Fisheries in the regions not covered by the RAM Legacy database are an important part of food security for many of the poorest people in the world.

“There are still large areas that aren’t included in the database, for example South East Asia and most of the middle of Africa where scientific assessments aren’t available,” says de Moor. “Most of these regions without assessments do not have good fishery management policies, plans or enforcement.”

 

“Where fishing pressure is at appropriate levels, the resource is able to recover.”

Despite this lack of data, the paper does review what we know about these fisheries and their status. Generally, it’s not good.

Compared to areas where fisheries are well managed, regions with less-developed fisheries management on average harvest fish at a rate three times higher and half the abundance.
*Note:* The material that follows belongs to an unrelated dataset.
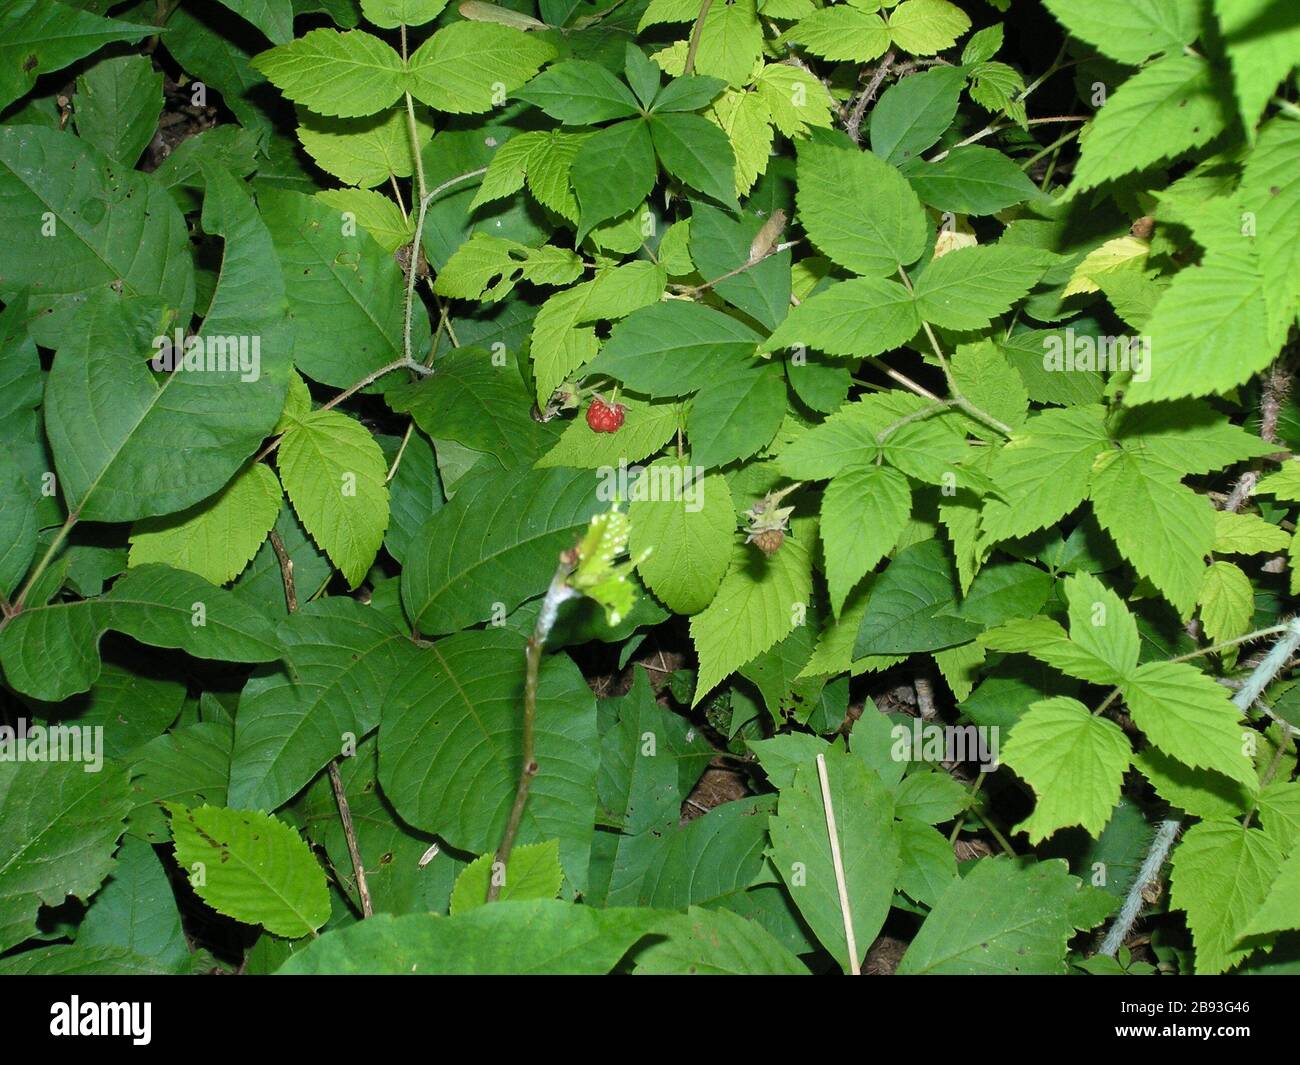 Ein Bild, das ich von wilden Himbeeren, Poison Ivy und Virginia Creeper.  Die leichteren grüne Blätter auf der rechten Seite sind wilde rote  Himbeere. Die dunkleren grünen Blättern auf der linken Seite

“There are still big gaps in the data and these gaps are more difficult to fill,” said co-author Ana Parma, a principal scientist at Argentina’s National Scientific and Technical Research Council and a member of The Nature Conservancy global board. “This is because the available information on smaller fisheries is more scattered, has not been standardised and is harder to collate, or because fisheries in many regions are not regularly monitored.”

More management

“But the reality is good management has a positive impact on fish populations,” says de Moor. “We can change the way we manage fisheries, and in many cases, there can be recovery.”

Armed with these findings, she hopes managers in some of the regions that are under-represented, Africa and South East Asia, for example, will be convinced to get on board. 

“Training scientists from some of the under-represented countries to undertake assessments is a long-term goal: there is no quick-fix. The lack of data and complexity of gathering it, particularly for unregulated or small-scale fisheries, is challenging.”

South African scenario

“South Africa is an interesting case, because it depends on which resources you look at,” says de Moor.

Looking at the combined information on the South African stocks in the database, she points out that the country’s fish abundance is below what management says it should be. However, it also shows our fishing pressure is also below target, suggesting capacity to rebuild.

But de Moor highlights that broad trends can overlie nuances.

“Some of South Africa’s resources are doing all right; some are very well managed. However, our in-shore resources, like abalone and west coast rock lobster, are not, and illegal fishing is exacerbating the problem.

“And then some others are mainly environmentally driven, like sardine, which is currently very low.”